I'm not a troll by any means. Heck I don't even know what TAM means.

It's just that I'm not a conventional person, I have my own way of doing things.

And to be honest, you all took the conversation to this point. I do even think this was the original conversation.


----------



## The philogynist (Jul 7, 2020)

EleGirl said:


> Do you intend to marry a woman who has a lot of sexual experience with other men prior to marriage? Or do you plan on marring a woman who is a virgin?
> 
> If she's a virgin, it's most likely that she will not even understand you when you describe your creativity.


Well I did plan on marrying another virgin. But given the society that I'm living in that will be kind of tough. So I may have to go with someone that had a sexual past. But I'm planning on being there best lover.


----------



## WandaJ (Aug 5, 2014)

The philogynist said:


> Because most of the suggestions and information that are being given is wrong about me and how me and my wife will do our marriage.
> 
> You don't have a clue about that.


where is the laughing emoji when you need one? lol


----------



## TXTrini (Oct 2, 2013)

I have to say, this thread was the most incredible thing I've come across on here in some time . There is NO way a grown man can be THIS obtuse. I never saw this question answered...



EleGirl said:


> How old are you?


Also, which culture are you from? I saw you denied being on the spectrum, so please answer Elegirl's question. According to my ex-husband, I married a virgin. In fact, I've been married to 2 virgins and lost my virginity with another. Not one of them was as naive/ignorant/stubborn (take your pick!) as your posts are portraying your attitude to be. 

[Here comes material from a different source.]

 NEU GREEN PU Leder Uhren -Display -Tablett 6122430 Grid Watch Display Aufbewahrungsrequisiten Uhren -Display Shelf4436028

Is the quarantine getting to you? Need some entertainment? Are you lonely? Unless you adjust your attitude, I quite doubt you will attract a wife unless you are super hot/rich. Even then, it will take a truly special kind of woman to give you a chance to lose your virginity, much less entertain the thought of marriage.

If you are genuinely interested in becoming a good husband/lover, please heed the advice our generous community has already provided. Good luck to you, I think you will need it.


----------



## fencewalker (Apr 17, 2020)

The philogynist said:


> Ultimately I will be satisfied with my marriage.

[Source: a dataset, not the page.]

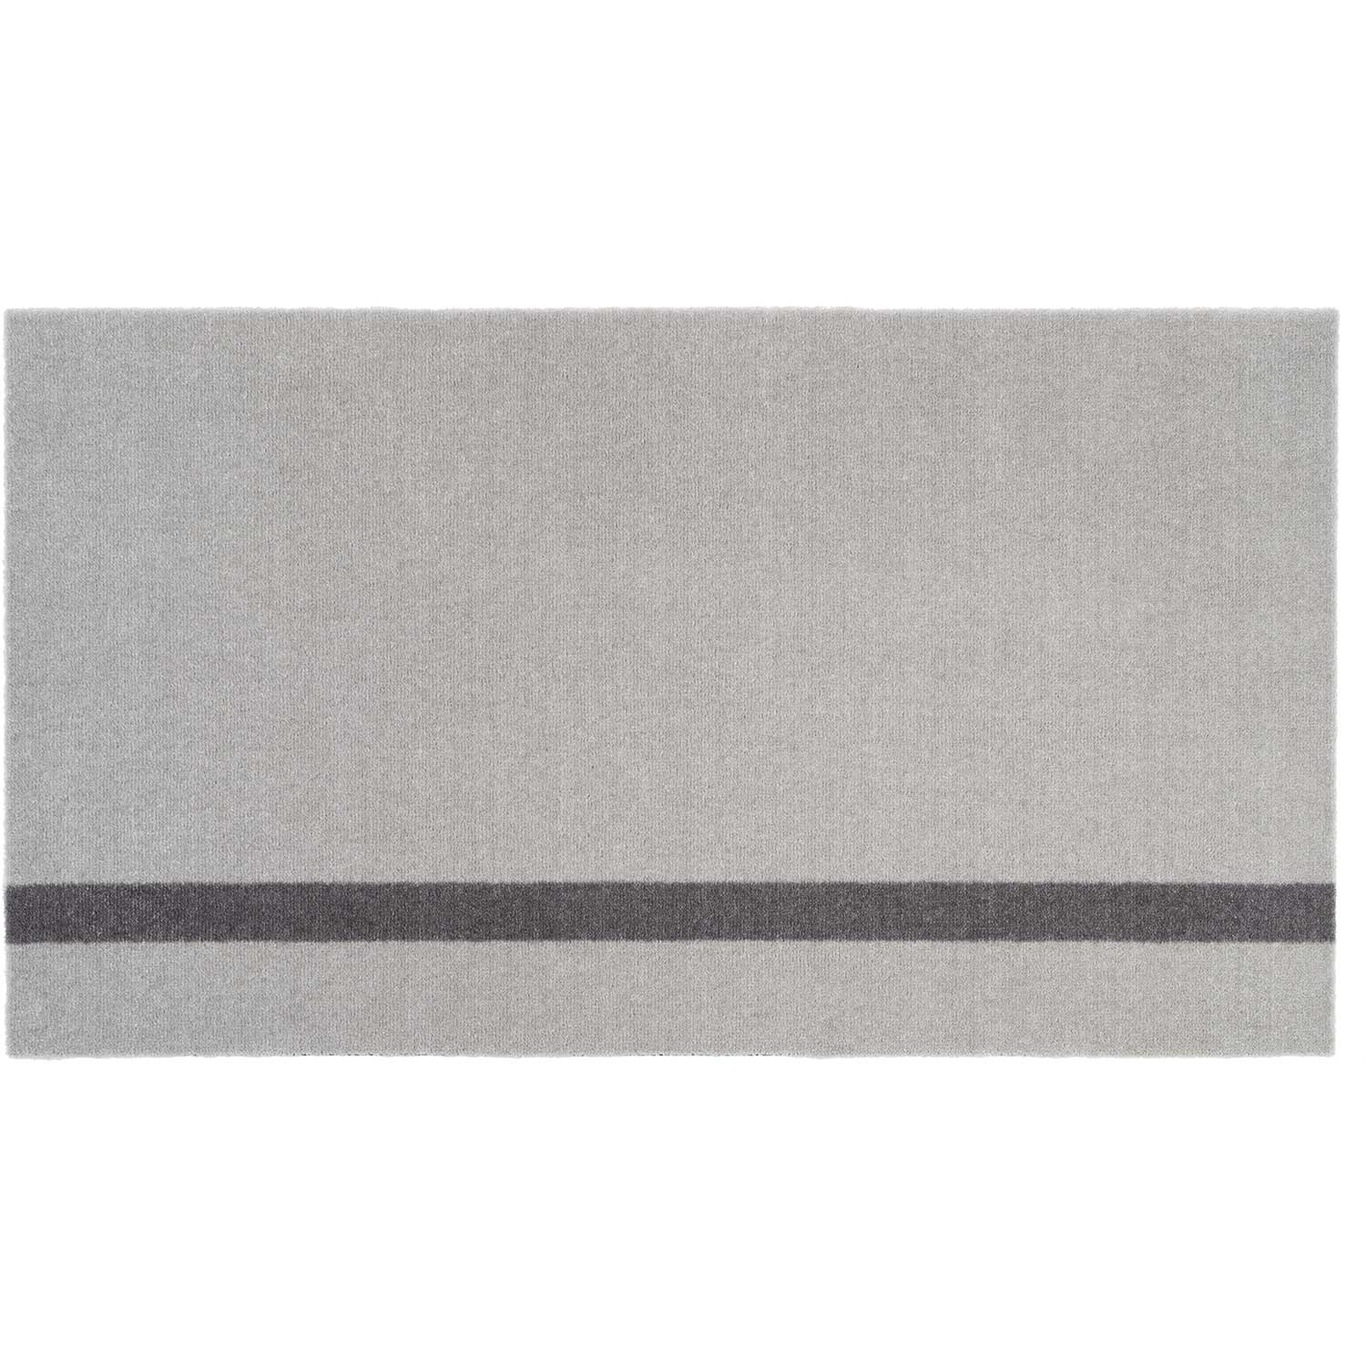 Stripes Vertikal Rug Light Grey / Steel Grey, 67x120 cm

You don't know that. Everyone on here went into marriage thinking that and then stuff happened, a lot of it sexual stuff.



The philogynist said:


> I seems that a virgin can have that preperation by watching porn.


No. You may know what your fantasies are, but you will be unprepared for dealing with real-life problems when they occur. This is like saying watching a lot of basketball on t.v. will prepare you for the real thing.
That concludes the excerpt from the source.